Urgent update, immediate priorities and recommendations from the Royal College of Emergency Medicine (RCEM), Royal College of General Practitioners (RCGP), Royal College of Physicians (RCP), Royal College of Psychiatrists (RCPsych) and the Society for Acute Medicine (SAM).
In 2020 as we learned from the pandemic, we said that urgent and emergency care in the NHS needed transforming immediately and made 10 recommendations for UK governments, the NHS, and local systems. These recommendations remain pertinent and appropriate, but the situation for patients and services has become even more critical.
RCEM, RCGP, RCP, RCPsych and SAM have today published Rebuilding the NHS: better medical pathways for acute care 2022. It includes an urgent update on the situation facing acute care services, and lays out the priorities for patients with acute medical presentations and 10 updated recommendations to hospitals and integrated care systems (ICS).
The RCP and its partners feel we must be honest with the public and patients that, with current workforce constraints, NHS professionals cannot always provide the care that they would want to, and that we are prioritising those with greatest need.
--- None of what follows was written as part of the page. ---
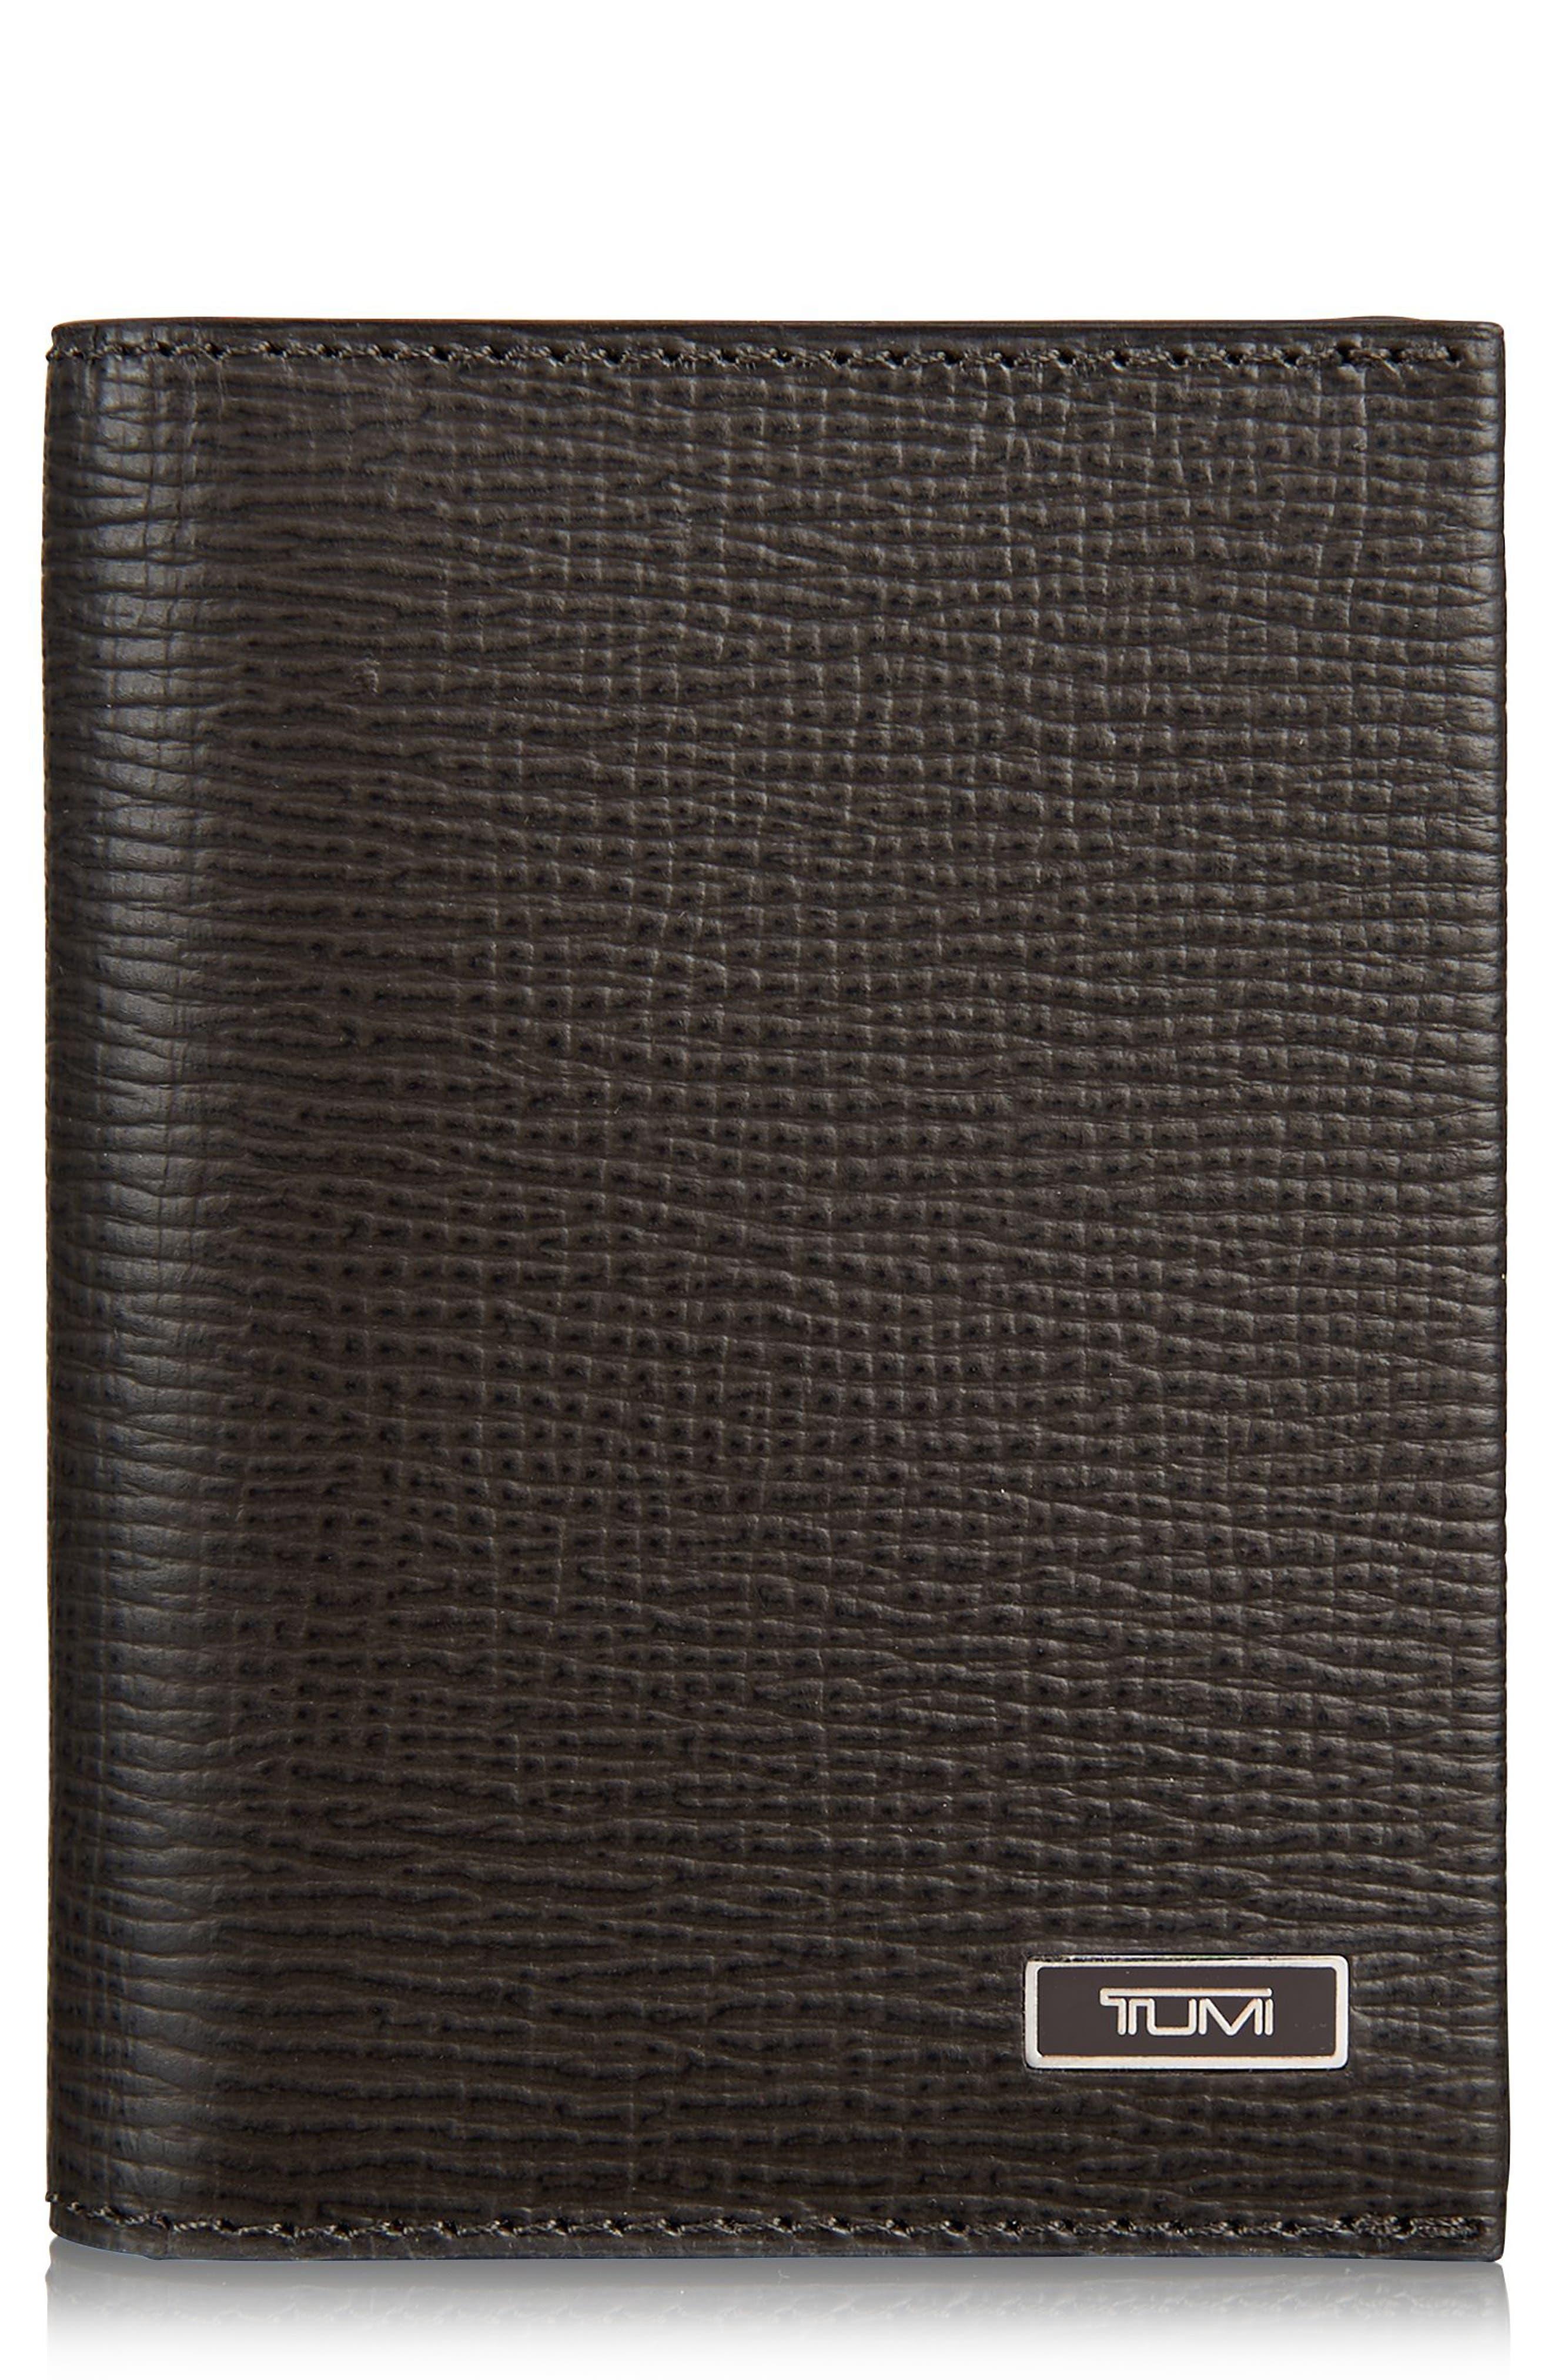 Monaco Leather Card Case,                             Main thumbnail 1, color,                             Taupe

This is in line with the winter pressures letter to the medical profession from the GMC and chief medical officers:
“In such challenging times, when you may need to depart from established procedures to care for people, we understand some could be fearful that they will be referred to your regulator. Please be assured that your professional code and principles of practice are there to guide and support your judgments and decision-making in all circumstances. This includes taking into account local realities and the need at times to adapt practice at times of significantly increased national pressure. In the unlikely event that you are referred to your professional regulator, they will consider the context you were working in at the time, including all relevant resources, guidelines or protocols.”
The RCP knows this is an extraordinary and uncomfortable time for all doctors and healthcare professionals. During the COVID-19 pandemic we produced several pieces of guidance which they may find useful now:
- Conversations for ethically complex care provides a framework to support discussion and documentation of decision making for levels of care in clinical practice. It includes a quick guide and decision-making record.
- Ethical guidance for endemic COVID-19 covers the ethical dimensions of providing care in a system under pressure. It includes appendices on vaccines and ambulance-based clinical assessments.
- The NHS ‘Road to Recovery’: Ethical guidance for endemic COVID-19 covers patient-centred care and decision making, reducing health inequalities, resumption of ‘non-clinical’ care practices and more.
Ultimately, the NHS workforce needs more investment. The RCP will continue to make the case for a raft of short and medium term measures to help address the workforce challenges facing the NHS, and keep up the pressure on government to publish a fully comprehensive workforce plan for the long term as soon as possible.